Features of spindle cell melanoma under microscopy include:

  • An abundance of spindle-shaped tumor cells (>90% of a tumor)
  • Uniform, wavy and thin. nuclei, with variable sizes and shapes (pleomorphism) and variable nuclear atypia (abnormal appearance of cell nuclei)
  • A high mitotic index (the proportion of cells undergoing mitosis on the total number of cells)
  • Higher cellular Cohesion is seen in cytology that with epithelioid types of melanoma [2,7]
  • A pagetoid dissemination of atypical melanocytes in spindle cell melanoma, associated with lentigo maligna [8].

Special stains can be used to differentiate spindle cell melanoma from other spindle cell tumors.

  • S100, SOX10, p75, HMB-45, laminin T, laminin NT, Melan-A and c-KIT markers are positive after staining in spindle cell melanoma [2,3].
  • In spindle cell melanoma, a higher proportion of cells show Ki-67, cyclin D1 and survivin after staining. [9].
  • Cytokeratin The spots are negative in spindle cell melanoma [10,11].

Which is the differential diagnosis for spindle cell melanoma?

Spindle cell melanoma can easily be confused with other spindle cell tumors.
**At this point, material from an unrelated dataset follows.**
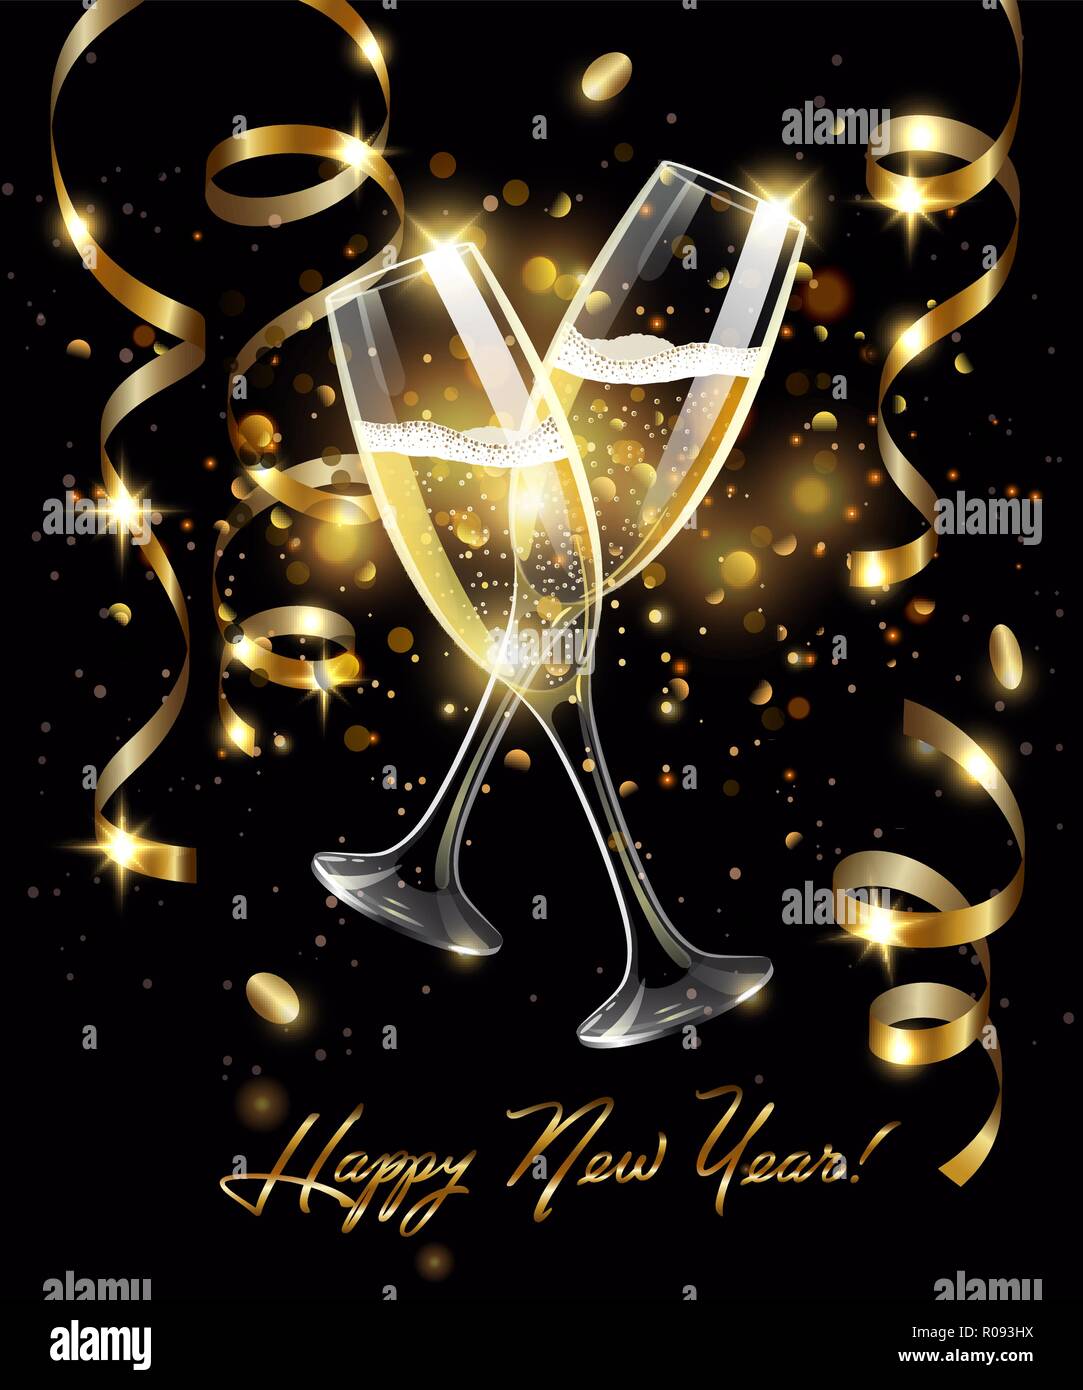 Vini spumanti di bicchieri di champagne con serpentina in oro su sfondo nero, effetto bokeh di fondo con segno Felice Anno Nuovo Illustrazione Vettoriale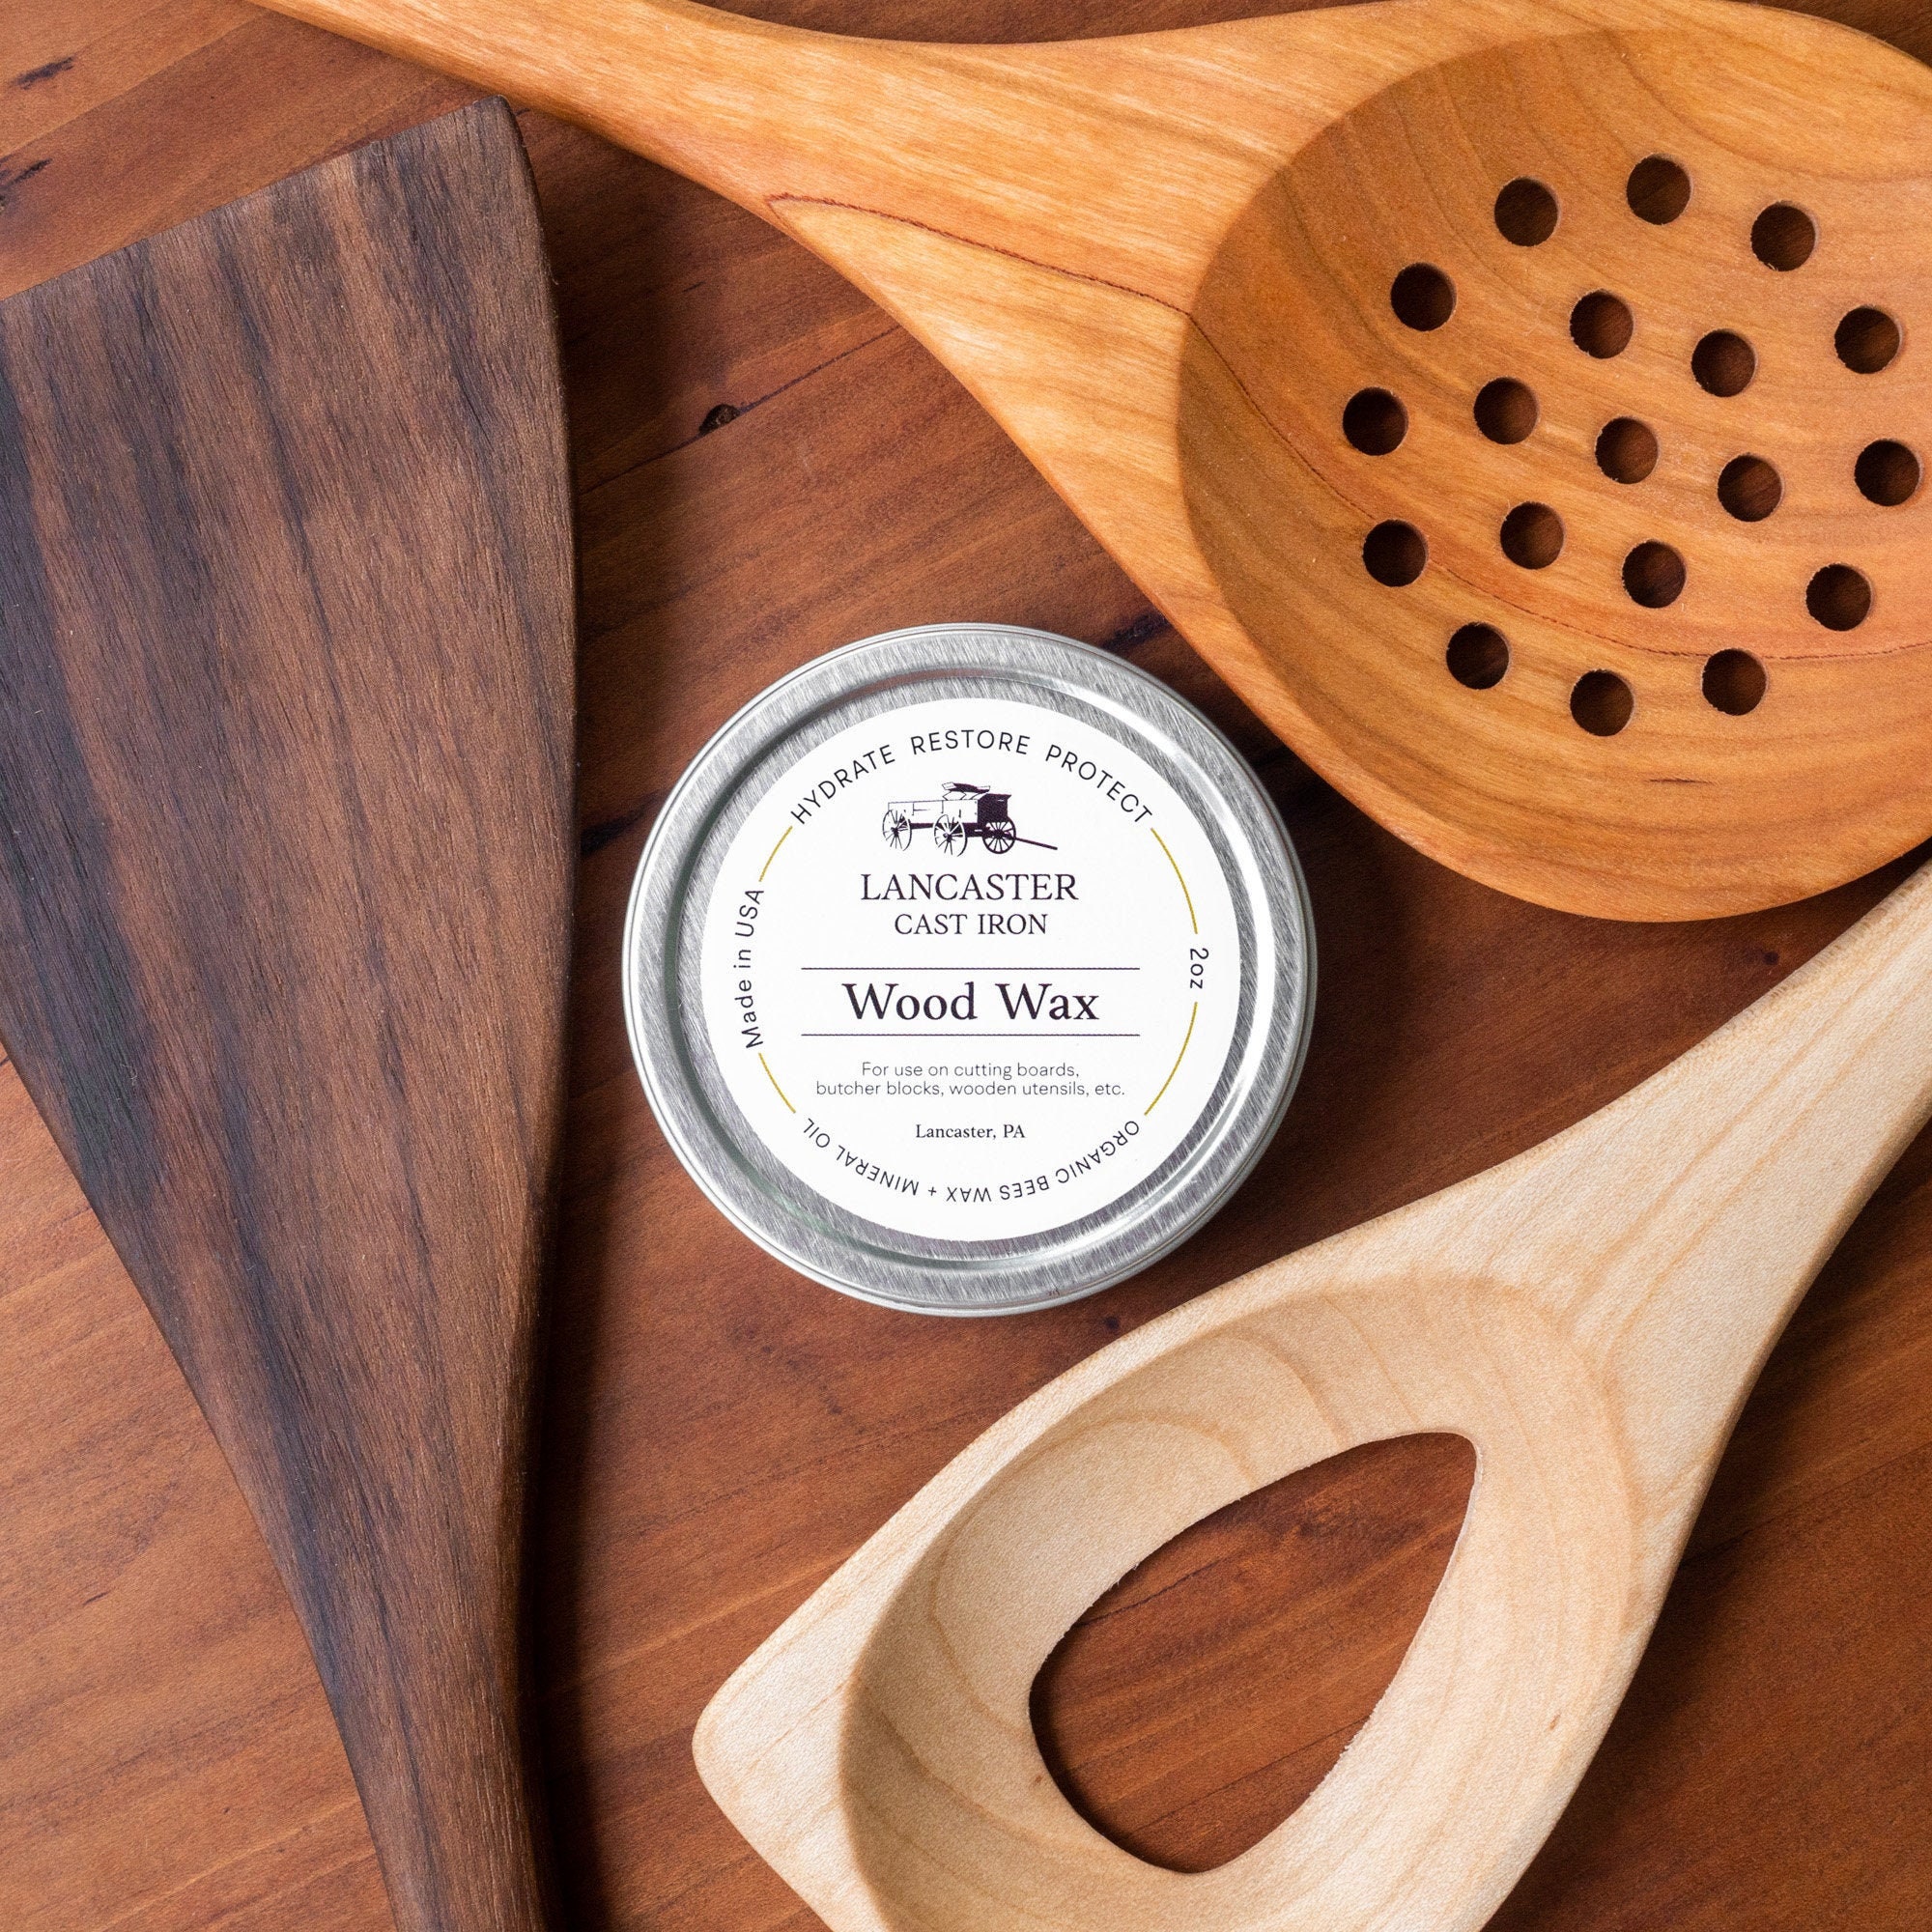 Wooden Kitchen Utensils Set - Wood Cooking Spoons - Wooden Utensils -  Avocrafts

Other tumors with which it can be confused are described below.

Desmoplastic melanoma

Desmoplastic melanoma was described as a variant of spindle cell melanoma in 1971 [6]. Recent studies now suggest that desmoplastic melanoma and spindle cell melanoma represent two distinct types of melanoma, such as differences in staining, genetic mutations and clinical manifestations have been found [3].

  • When spindle cells account for >90% of a tumor, a diagnosis of spindle cell melanoma is made.
  • When >90% of a tumor is composed of desmoplastic cells, a diagnosis of desmoplastic melanoma is made.
  • Melanomas with spindle cells and desmoplastic components at varying levels between 10% and 90% are called mixed variants. [2,3,12].
  • Collagen IV, CD68, MDM2 and trichrome are positive after staining in desmoplastic melanoma [3].
  • HMB-45, laminin T, laminin NT, Melan-A and c-KIT are negative in desmoplastic melanoma [2,3].

Rush nevus

Reed naevus (also called pigmented spindle cell naevus) is a melanocytic nevi with a largely spindle cell appearance under microscopy. The architecture is symmetrical with good side demarcation, epidermal hyperplasiaand uniform nests of cells [9].

Cutaneous clear cell sarcoma

the differentiation of cutaneous clear cell sarcoma from spindle cell melanoma is largely histological, as both can stain positively for the same indicators: S100, HMB-45 and Melan-A. Cutaneous clear cell sarcoma tends to show uniform patterns of spindle cells fascicles (bundles) under microscopy, which are present throughout a tumor and enclosed by fibrous septa. stroma tends to be hyalinized, scleroticand lattice [13].

Leiomyosarcoma

Leiomyosarcoma pathology may be indistinguishable morphologically of melanoma

  • Smooth muscle actin (SMA) staining is positive in leiomyosarcoma.
  • S100, p75 or HMB-45 markers are negative after staining. [10,14].

Atypical fibroxanthoma

S100, p75 and HMB-45 markers are negative after staining in atypical fibroxanthoma [10].

Fibrosarcoma

  • Vimentin is positive in fibrosarcoma.
  • S100 and HMB-45 markers are negative after staining. [5,14].

Peripheral nerve sheath tumors

  • S100, CD34 and GAP43 markers are positive after staining in peripheral nerve sheath tumors.
  • HMB-45 and Melan-A are negative in peripheral nerve sheath tumors [10,15].

Dermatofibrosarcoma protuberans

  • CD34 is positive in dermatofibrosarcoma protuberans.
  • p75 is variable.
  • S100 is negative [5,16].

Spindle cell scaly cell carcinoma

  • Cytokeratin stains such as 34betaE12 are positive in spindle cell squamous cell carcinoma.
  • S100 and HMB-45 are usually negative after staining.
  • p75 is variable [10,11].

What is the treatment for spindle cell melanoma?

Treatment for spindle cell melanoma is similar to that for other forms of melanoma. Surgical excision It is the first step in management [1].

What is the outcome for spindle cell melanoma?

Although the trend to nodal The incidence is low, most spindle cell melanomas present with advanced disease, with a worse prognosis in Caucasian men over 66 years of age. [3].

Advanced disease with lymph nodes and distal Metastasis is associated with worse outcomes in spindle cell melanoma, as are higher tumor grades, which have been associated with worse disease-specific and overall survival [1].